Homework 3: Large language model (LLM) prompting and instruction tuning

Due 2025-11-07, 11:59pm. Instructions last updated 2025-10-26.

Learning objectives

After completing this assignment, students will be able to:

  • Prompt LLMs programmatically with templates (parameterized)
  • Prompt LLMs with zero-shot and few-shot prompting
  • Engineer and test different prompts
  • Implement instruction tuning of LLMs using Hugging Face tools
  • Evaluate instruction-tuned LLMs against base models

Overview

In this assignment, you will explore different prompting techniques LLMs (Part 1). You will also instruction-tune an LLM (Part 1). Both of these parts will involve filling in template Jupyter notebooks. Part 1 will be run locally, while it is recommended to run part 2’s notebook on the Pitt CRCD’s GPUs through the class JupyterHub.
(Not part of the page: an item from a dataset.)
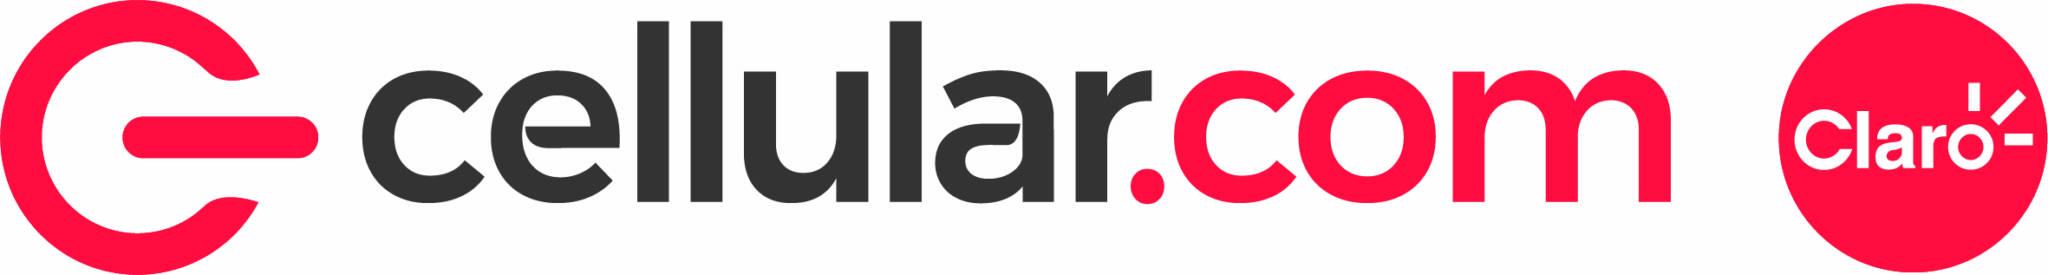 Cellular.com
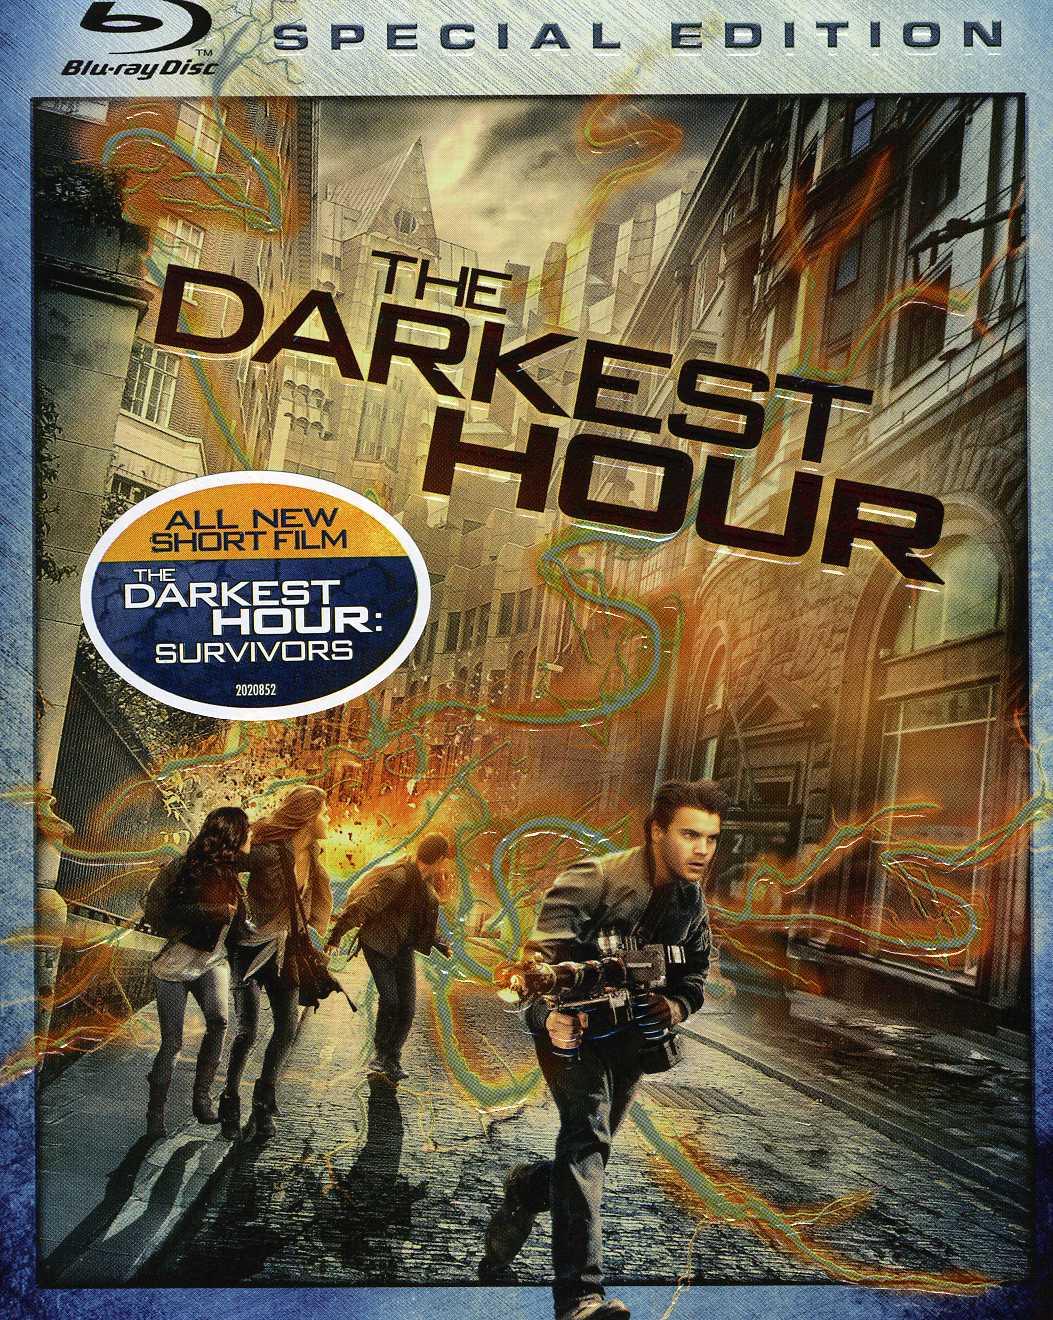 The Darkest Hour (Blu-ray Disc)

To get started, click on the class nbgitpuller link.

Part 1: LLM prompting

Because Pitt SCI LLMs can’t currently be accessed by the CRCD, you’ll need to complete Part 1 on your own local machine. Please download the template notebook, hw3_template_part1.ipynb, from the class CRCD JupyterHub to your own machine. Note that you will need to connect to the Pitt VPN via the GlobalProtect app to send API requests to the Pitt SCI LLMs. You will need to install the openai Python package, as well as Hugging Face’s datasets Python package. Feel free to refer to the class environment’s versions of those on the CRCD at /ix/cs2731_2025f/cs2731_2025f_environment.yml.

Part 2: Instruction tuning LLMs

Part 2 will involve instruction tuning LLMs, which takes some GPU resources. It is recommended to complete this part of the assignment on the CRCD itself. Fill out hw3_template_part2.ipynb from the class CRCD JupyterHub to do so. You can use the Nvidia L4 GPU on the CRCD JupyterHub (teach cluster) like we use in class, or can use CRCD’s Open OnDemand Jupyter service.

Deliverables

  1. Your code: the Jupyter notebooks you modified from the templates for parts 1 and 2. Submit:
    • your .ipynb files for parts 1 and 2
    • a .html export of your notebooks from parts 1 and 2. To get a .html version, click File > Save and Export Notebook As… > HTML from within JupyterLab.
  2. A PDF report with answers to questions provided in the template notebooks. Please name your report hw3_{your pitt email id}.pdf. No need to include @pitt.edu, just use the email ID before that part. For example: report_mmyoder_hw3.pdf. Please make only one PDF report, containing answers to part 1 and part 2. Make sure to include the following information:
    • answers to all the numbered questions in the templates
    • any additional resources, references, or web pages you’ve consulted
    • any person with whom you’ve discussed the assignment and describe the nature of your discussions
    • any generative AI tool used, and how it was used
    • any unresolved issues or problems

Please submit all of this material on Canvas. We will grade your report and may look over your code.

Acknowledgments

Part 1 of this assignment is based on a homework assignment designed by Mark Yatskar and provided by Lorraine Li.